As previously stated, this was testimony of an eyewitness who had knowledge of the location, and who made the measurement himself while on the ground, and was therefore competent. K. C., M. B. R. R. Co. v. Weeks, 135 Ala. 614, 34 So. 16; Birmingham Min. R. R. Co. v. Harris, 98 Ala. 326, 13 So. 377; Keith v. State, 15 Ala. App. 129, 72 So. 603.

The witness Foster, an engineer, qualified himself as an expert, examined the track, and was shown the point at which the intestate was killed, and was properly permitted to testify as to whether or not, in his opinion, the engineer could have materially reduced the speed of the train in a distance of 15 rail lengths, had the fireman at that distance given him warning so to do. L. N. R. R. Co. v. Rayburn, 198 Ala. 191,73 So. 461.

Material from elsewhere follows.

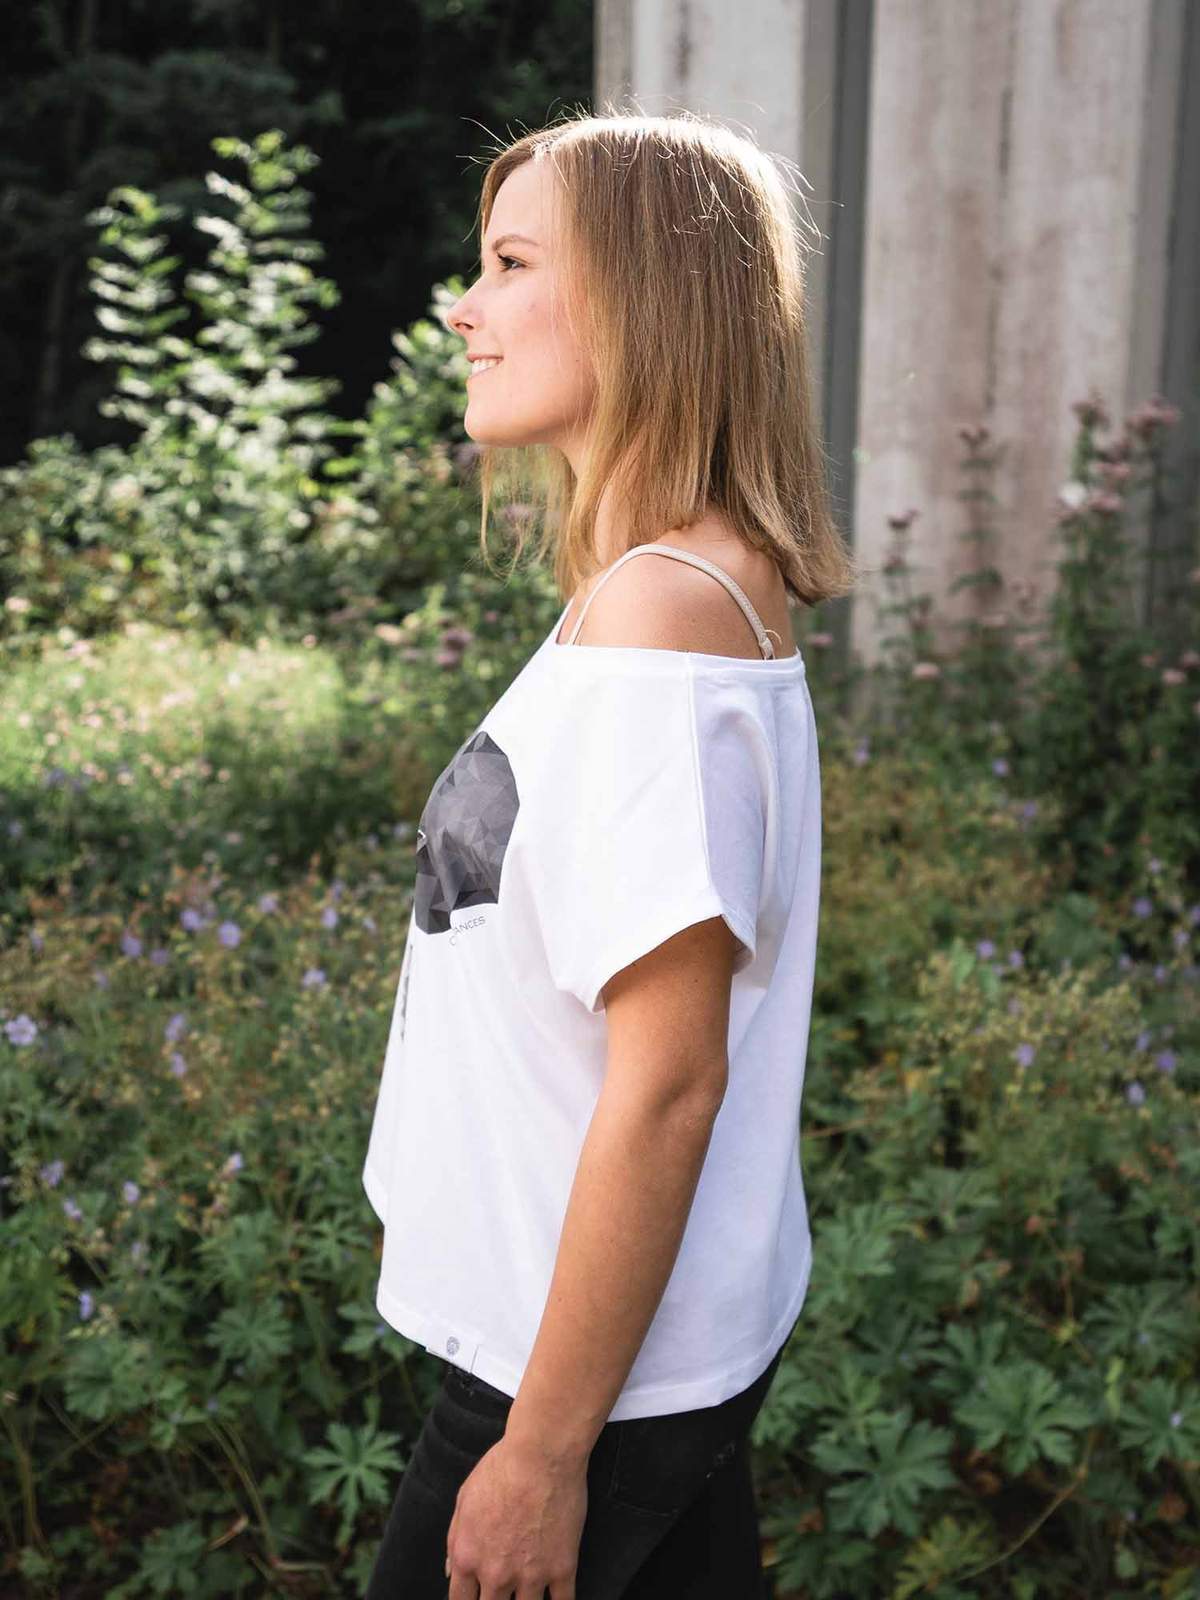 Damen T-Shirt mit XL Rundhalsausschnitt Weiß Grau Geometrischer Elefant Gr XS-XL

As previously stated, we think there was sufficient evidence tending to support the theory of the plaintiff that the fireman could and did see the man on the track from this distance, and the question was not subject to the objection that the hypothetical question was not based upon a theory supported by any tendencies of the evidence.

An examination of the oral charge of the court, in connection with charges given at the request of the defendant, does not impress us that a new trial should have been granted upon the ground that the verdict was contrary to the law as given by the court. Nor are we persuaded there was error in denying the motion for a new trial upon the other ground that the verdict was contrary to the great preponderance of the evidence. The rule in regard to such questions, in cases of this character, is too well understood to be here repeated, and we do not think it would serve any good purpose to enter into a discussion of the testimony. Suffice it to say the evidence has been given most careful consideration and deliberation, and we are unwilling, under the rule so well established, to disturb the ruling of the court in denying the motion.

It results that the judgment appealed from will be here affirmed.

Affirmed.

ANDERSON, C. J., and SAYRE and THOMAS, JJ., concur.